I have a set of people in a dataframe, I need the list of people that do not occur in the main dataset. Currently I am checking against first and last name.

data_to_check_dataset is the input data that needs to be checked , it contains many columns but currently I only need to check against first_name , last_name.

first_name last_name ...
0 James Apple ...
1 Alice test ...
... ... ... ...
10000 Paul test ...

sometimes the data fields can be entirely blank and are read as nan values.

first_name last_name ...
0 James comp nan ...
1 Paul ltd nan ...
... ... ... ...
10000 Paul other nan ...

The dataframe I am checking against current_people_dataset : , it contains many columns I have renamed the name columns to first_name , last_name. Its null values are blank for some reason, I think because

first_name last_name ...
0 f_A l_A ...
1 B ...
... ... ... ...
900000 paul smith ...

The data_to_check_dataset is always smaller then the current_people_dataset. Column ordering is not fixed and can change depending on here the data is loaded in from.

currently I have been trying to adapt the code from here.

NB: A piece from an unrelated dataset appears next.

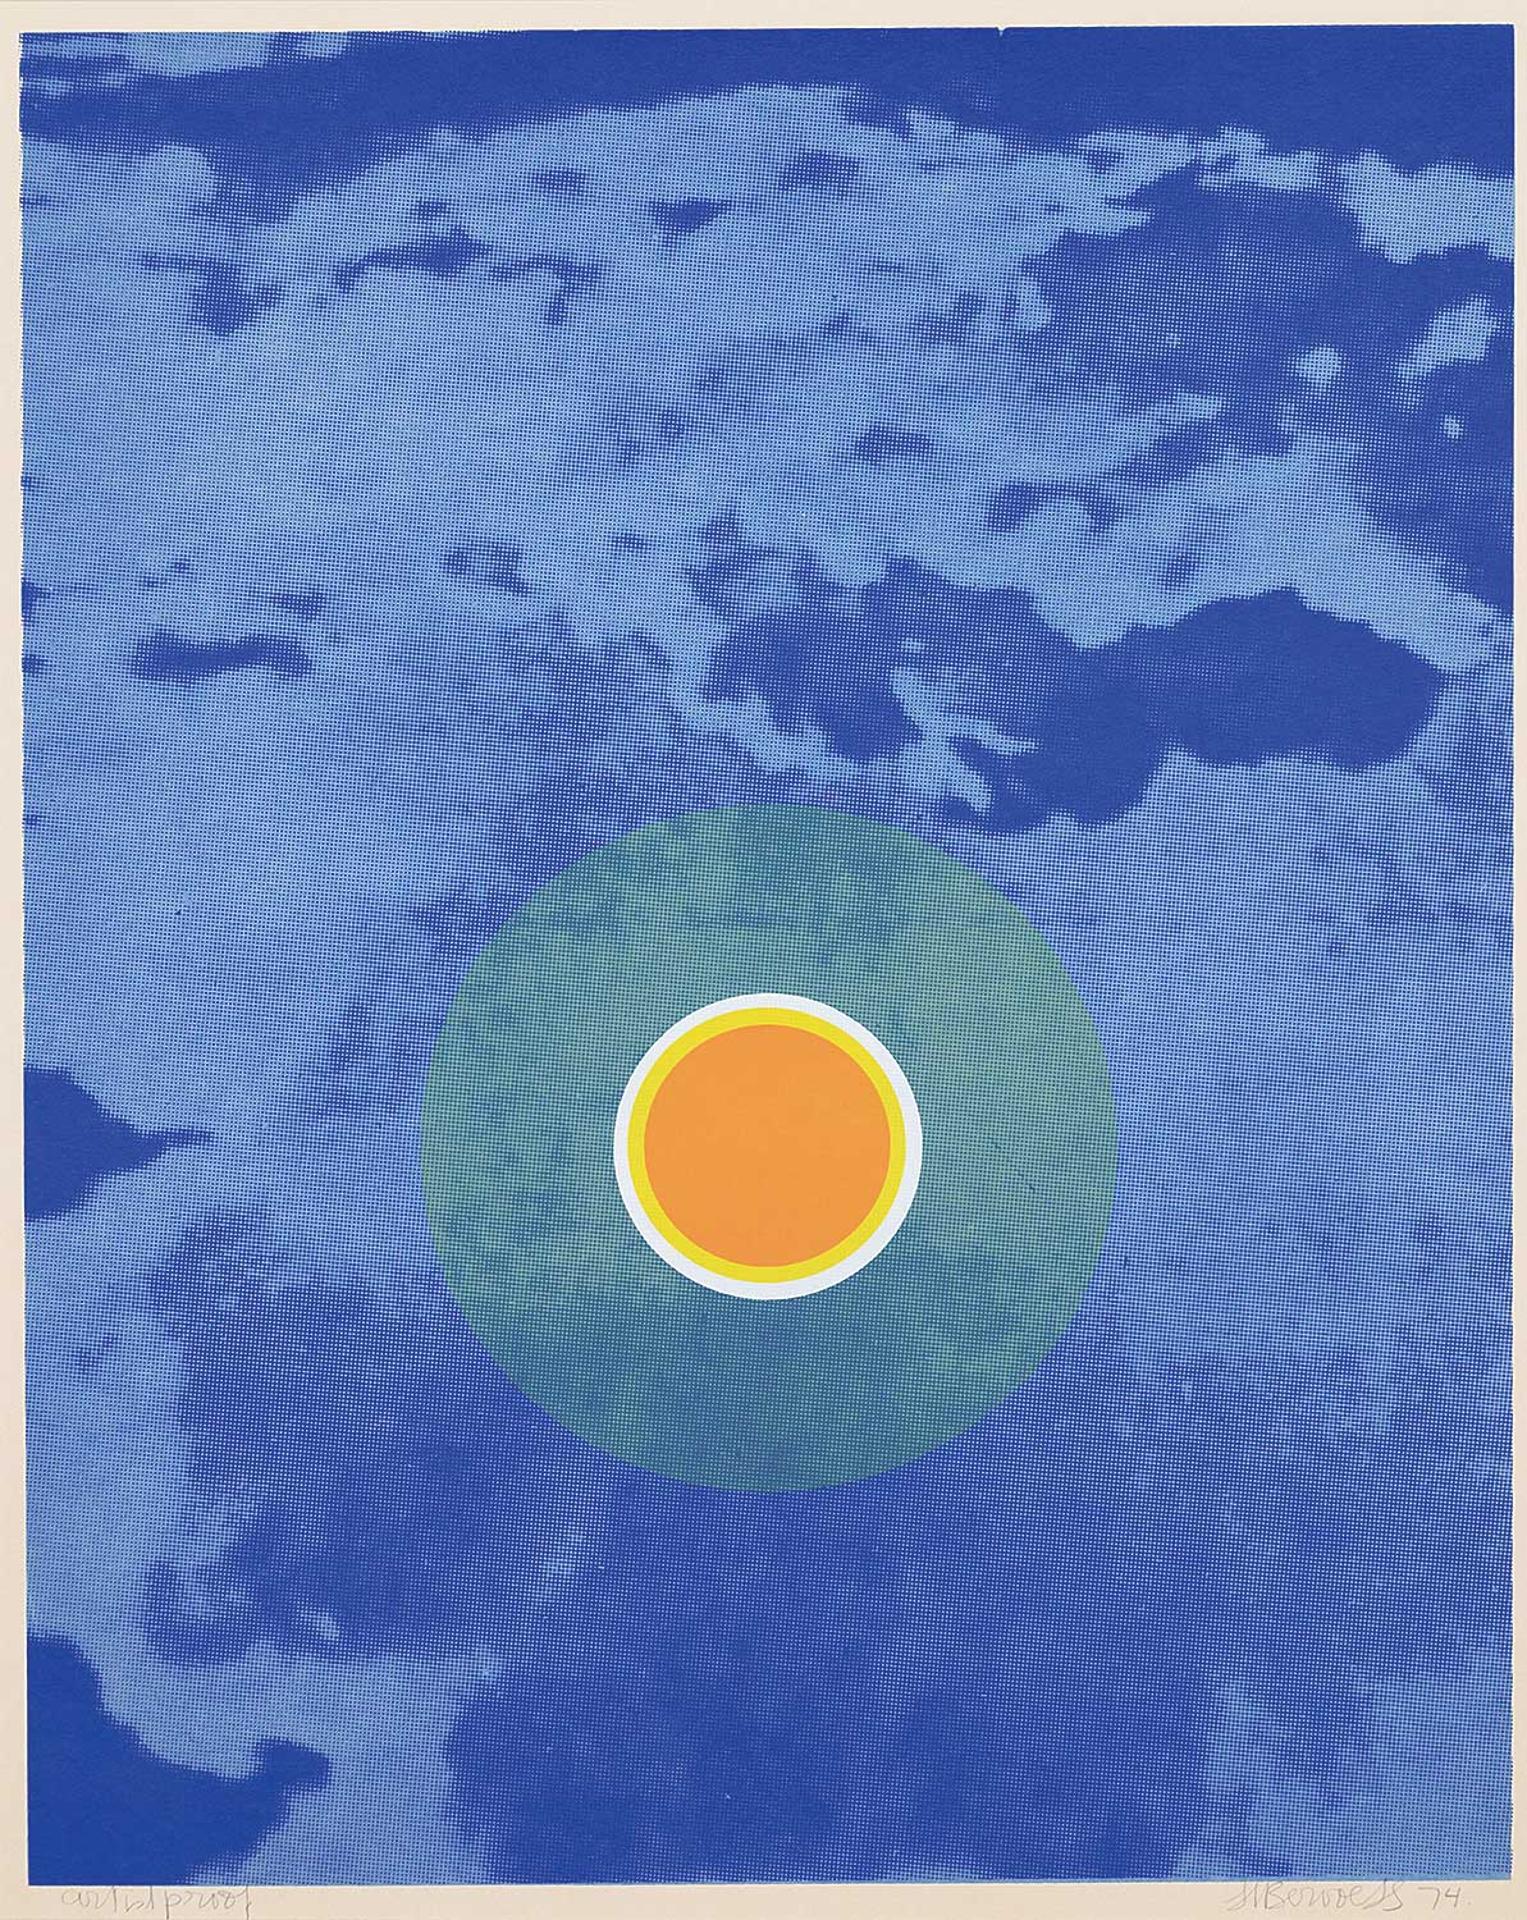 Hendrikus Bervoets - Untitled - Abstract Sky Circles  #Artist's Proof
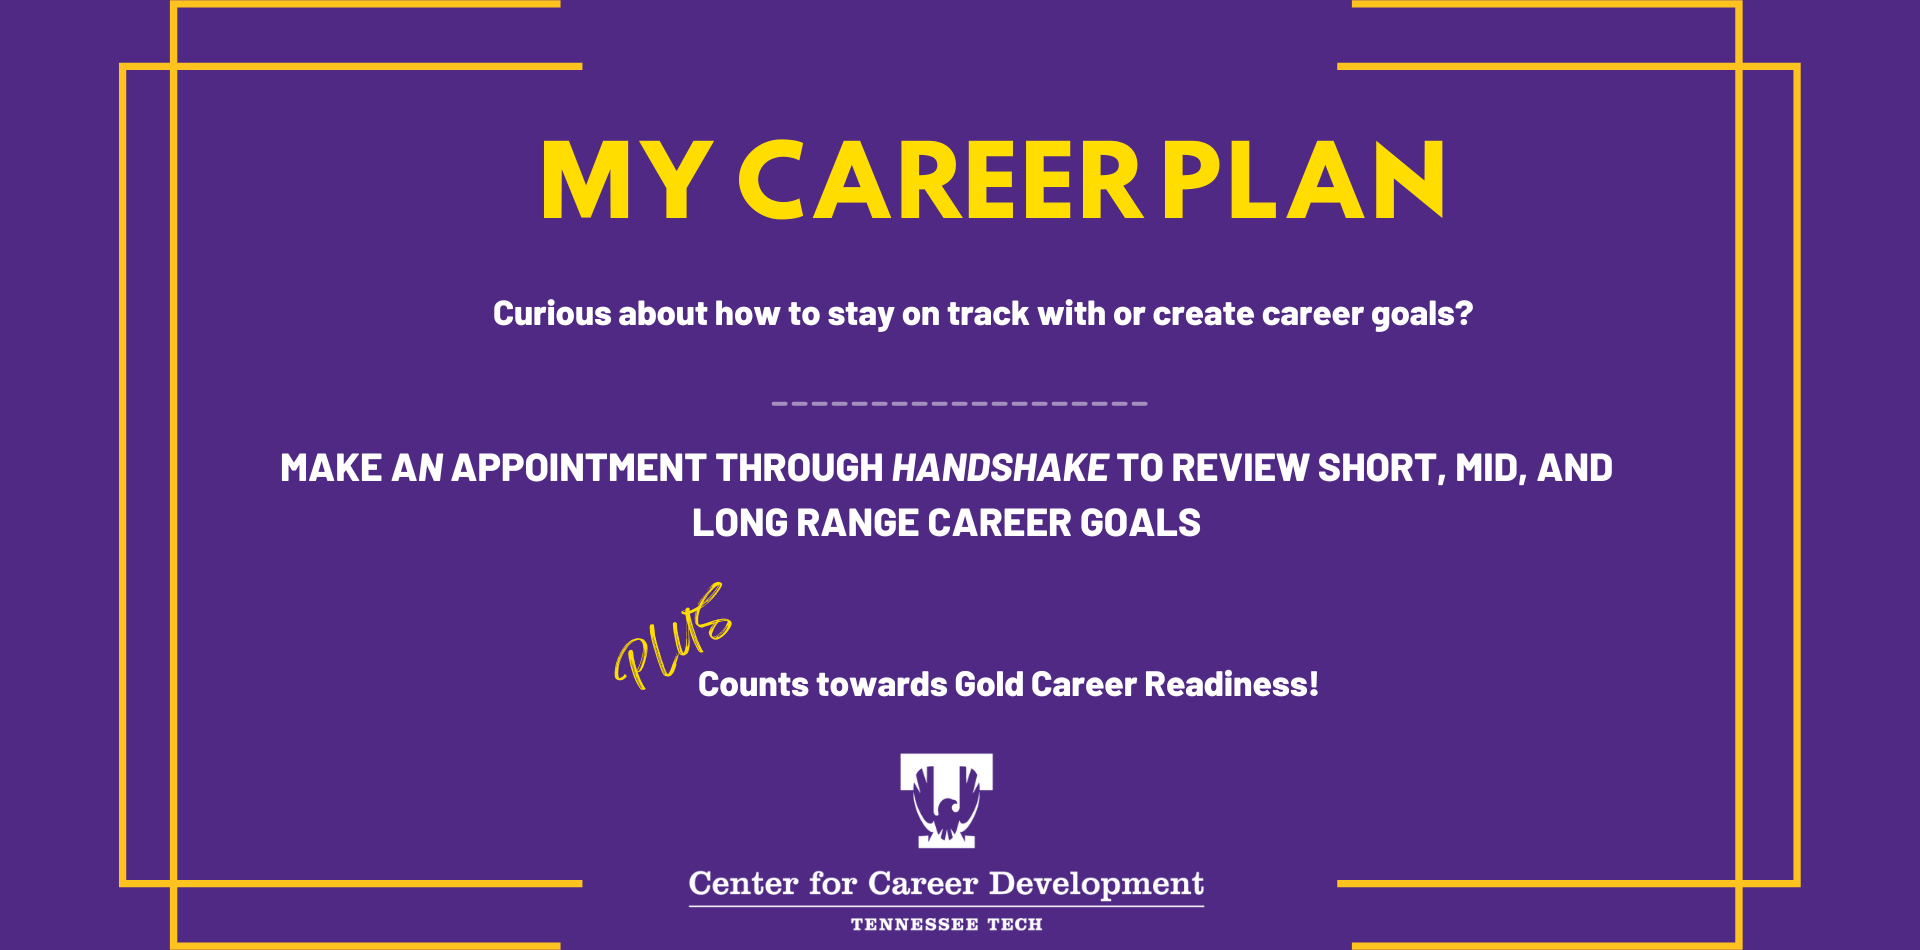 My Career Plan: Make an appt through handshake to review short, mid, and long range career goals

new_people_names = (pd.merge(data_to_check_dataset,current_people_dataset, indicator=True, how='outer')
         .query('_merge=="left_only"')
         .drop('_merge', axis=1))

This raises ValueError: You are trying to merge on float64 and object columns. If you wish to proceed you should use pd.concat error when comparing colunmns.

J_7567
  • 31
  • 3

1 Answers1

0

That's what error is saying so one way is to typecase first_name and last_name of both df's to string by using astype():

data_to_check_dataset[['first_name','last_name']]=data_to_check_dataset[['first_name','last_name']].astype(str)
current_people_dataset[['first_name','last_name']]=current_people_dataset[['first_name','last_name']].astype(str)

Finally chain replace() to your current method for converting string nan back to real NaN:

new_people_names = (pd.merge(data_to_check_dataset,current_people_dataset, indicator=True, how='outer',on=['first_name','last_name'])
         .query('_merge=="left_only"')
         .drop('_merge', axis=1)
         .replace('nan',float('NaN'),regex=True))
Anurag Dabas
  • 23,866
  • 9
  • 21
  • 41